Politics, conflict undermine supply chainsReprints
Ukraine and Thailand pose substantial supply chain exposures, while Taiwan has improved its supply chain resiliency, according to FM Global's 2015 Global Resilience Index, released Tuesday.
The index evaluates three primary factors — economic, risk quality and the supply chain itself — to arrive at its rankings, FM Global said in a statement.
Ukraine saw the largest year-over-year drop in this year's ranking, falling 31 places to 107th due to the nation's conflict with Russia.
“This worsening political risk and a weakened infrastructure are the main negative factors affecting the rank of Europe's largest country” by area, FM Global said in the statement.
Thailand fell 20 places to 82nd due to “poorer perceptions of the country's infrastructure … and the quality of local suppliers as well as a decline in political stability and the quality of fire risk management,” FM Global said.

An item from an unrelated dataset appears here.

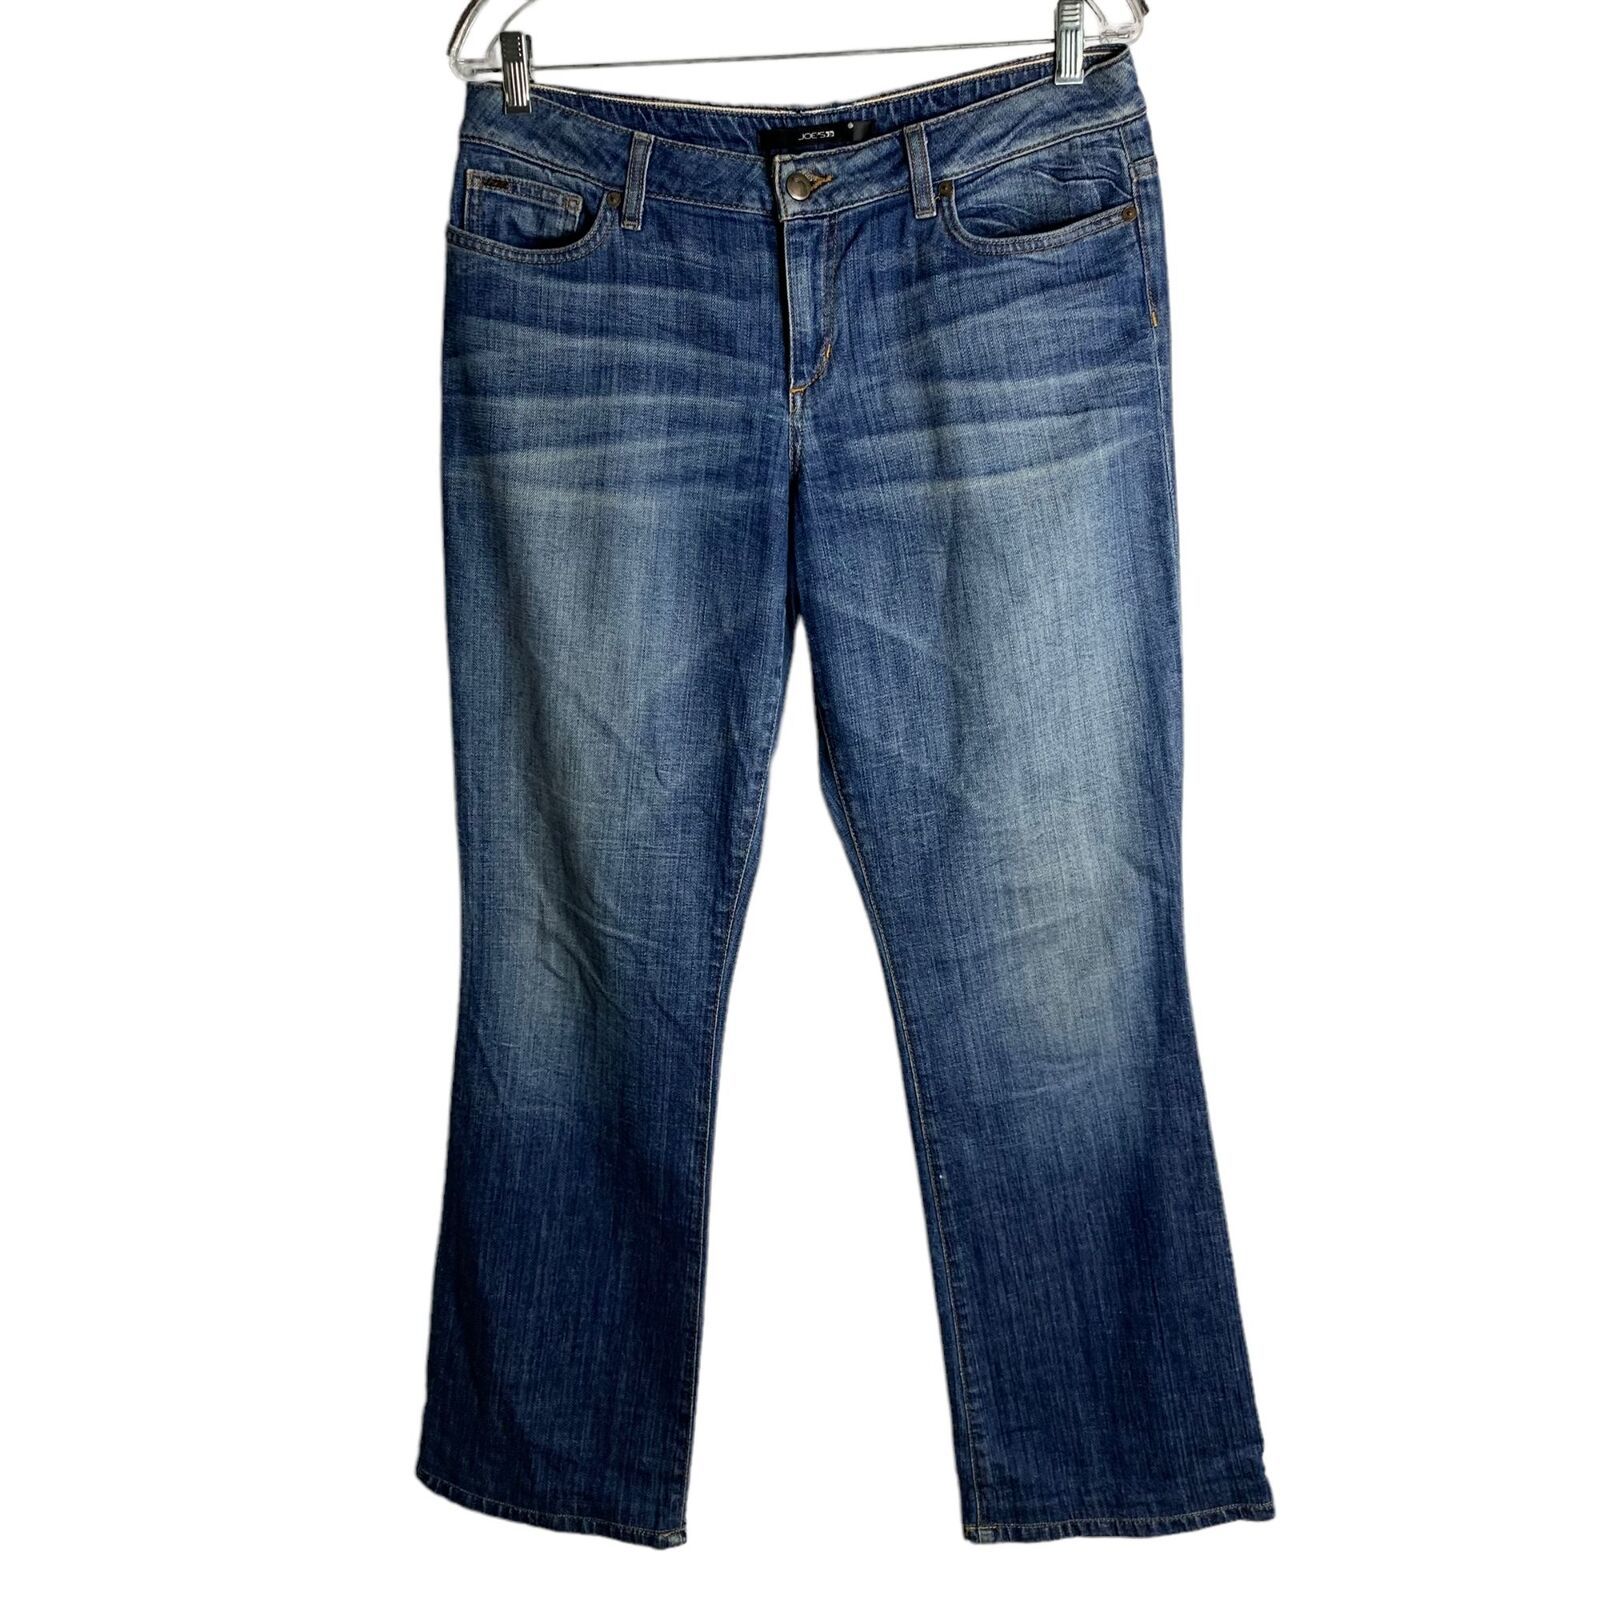 Joes Straight Leg Denim Jeans 32 Med Wash Honey Whiskered 5 Pocket Button Zip - $37.13

By contrast, Taiwan climbed 52 places to 37th position on a substantial improvement to its commitment to risk management, both natural hazard and fire, FM Global said.
“This rise shows an increased awareness of the natural hazards and fire risk exposures inherent to the country, the building of new facilities to a higher level of quality and greater acceptance of risk management measures that can better existing protect facilities,” said Bret Ahnell, executive vice president at FM Global.
The U.S is divided into three regions due to its geographical spread presenting different risk exposures. Region 3 includes most of the central part of the country and ranks 10th; Region 1, with much of the East Coast, ranks 16th; and Region 2, primarily the West Coast, ranks 21st, according to FM Global.
The most resilient nations are Norway at No. 1, Switzerland, and the Netherlands, while the least resilient are Mauritania, Kyrgyz Republic and — ranking last at 130 — Venezuela.
The index is compiled annually for FM Global, by Oxford, England-based analytics and advisory firm Oxford Metrica.